**RECORDS TO USE**
* * * * * * * * *

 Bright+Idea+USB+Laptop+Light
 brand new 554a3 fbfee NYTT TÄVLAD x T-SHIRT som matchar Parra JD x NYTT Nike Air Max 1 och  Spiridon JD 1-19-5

* * * * * * * * *

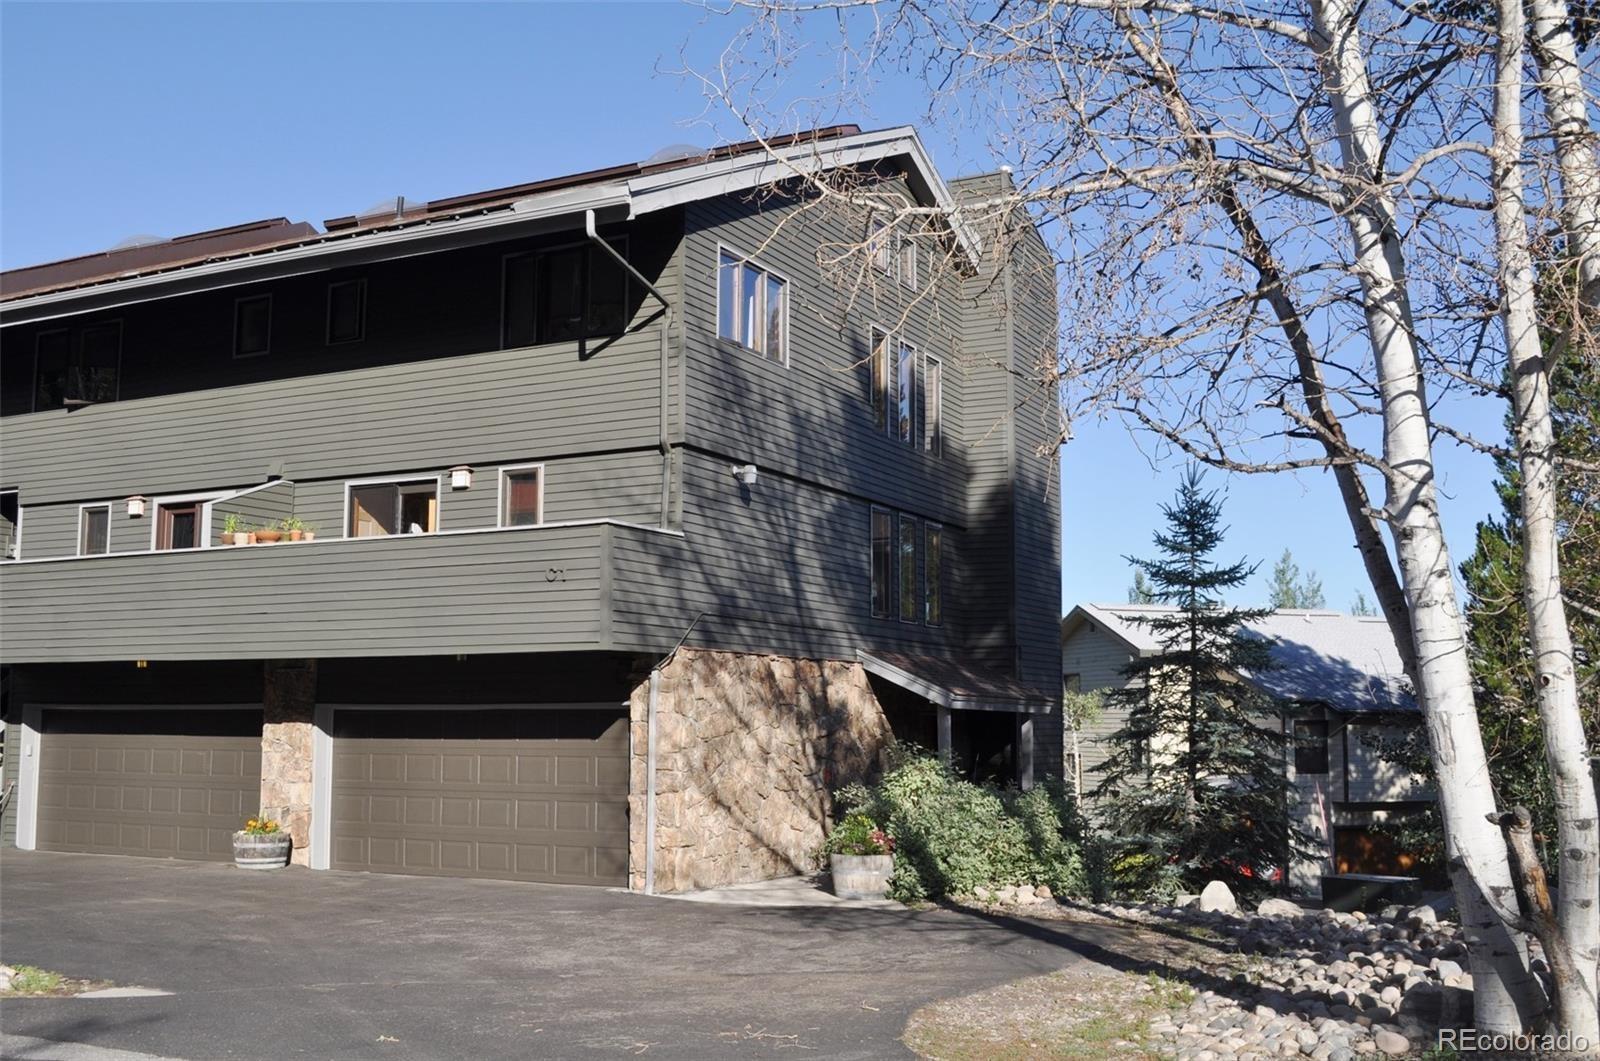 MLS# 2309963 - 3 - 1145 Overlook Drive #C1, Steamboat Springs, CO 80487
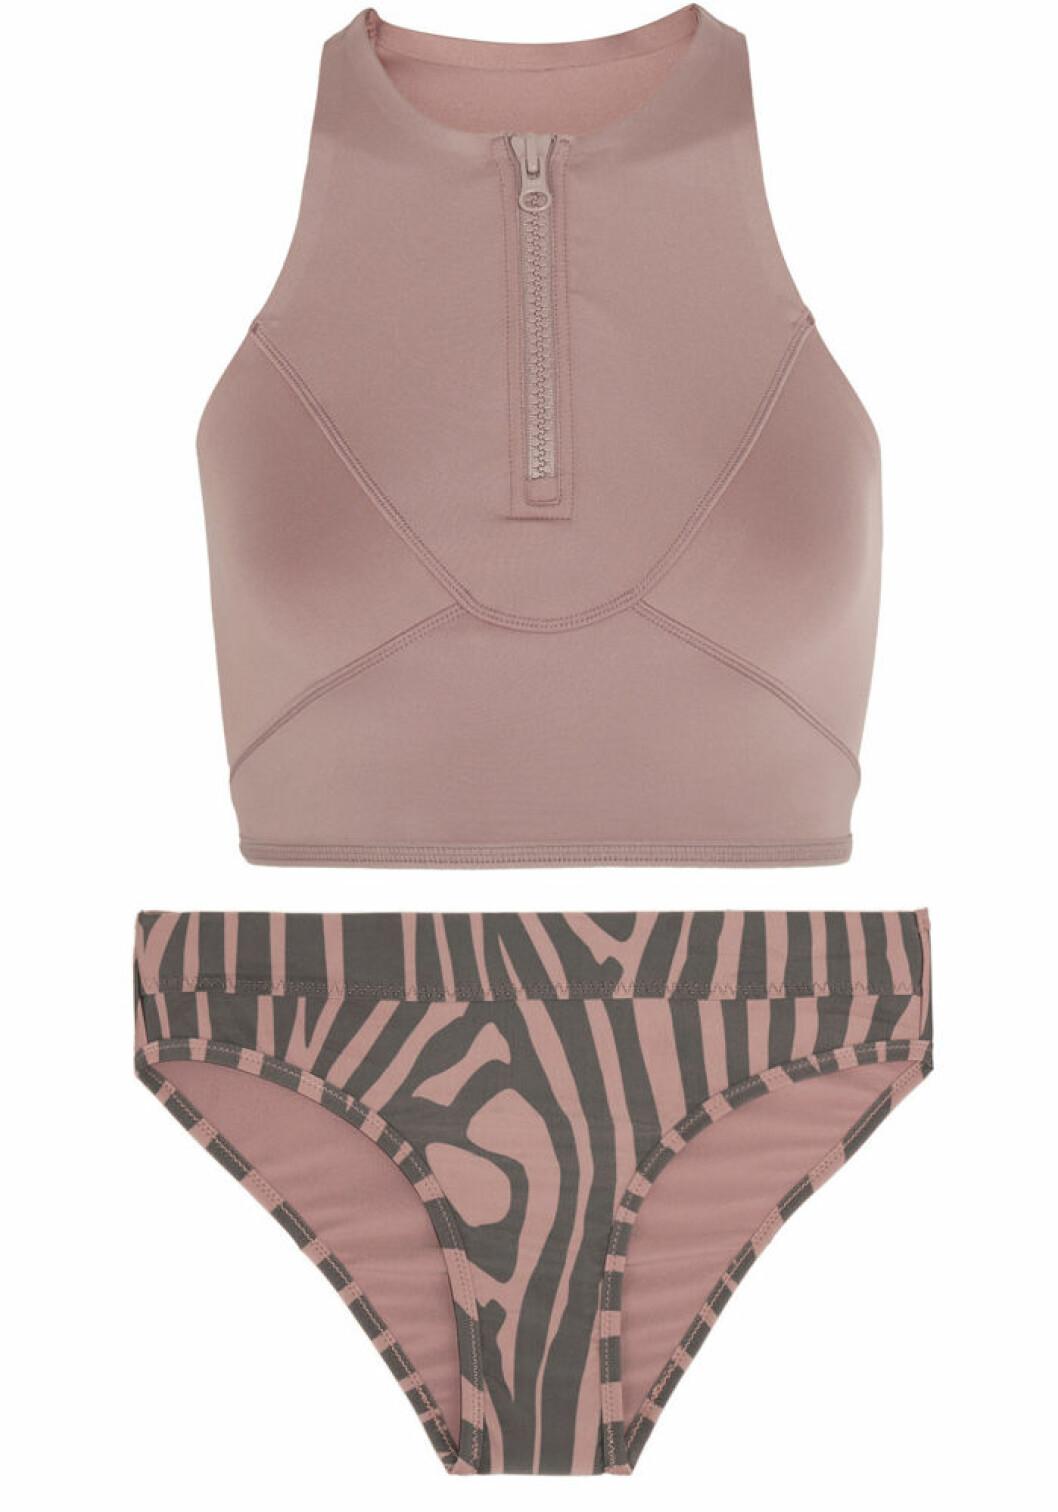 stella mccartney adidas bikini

* * * * * * * * *

**GOAL OF THE EXERCISE**
In the listing above, find the line with "MLS# 2309963 - 3" and the line with "stella mccartney adidas bikini". Output both, plus every line between them, and no pictures.

**WRITTEN ANSWER**
 MLS# 2309963 - 3 - 1145 Overlook Drive #C1, Steamboat Springs, CO 80487
 stella mccartney adidas bikini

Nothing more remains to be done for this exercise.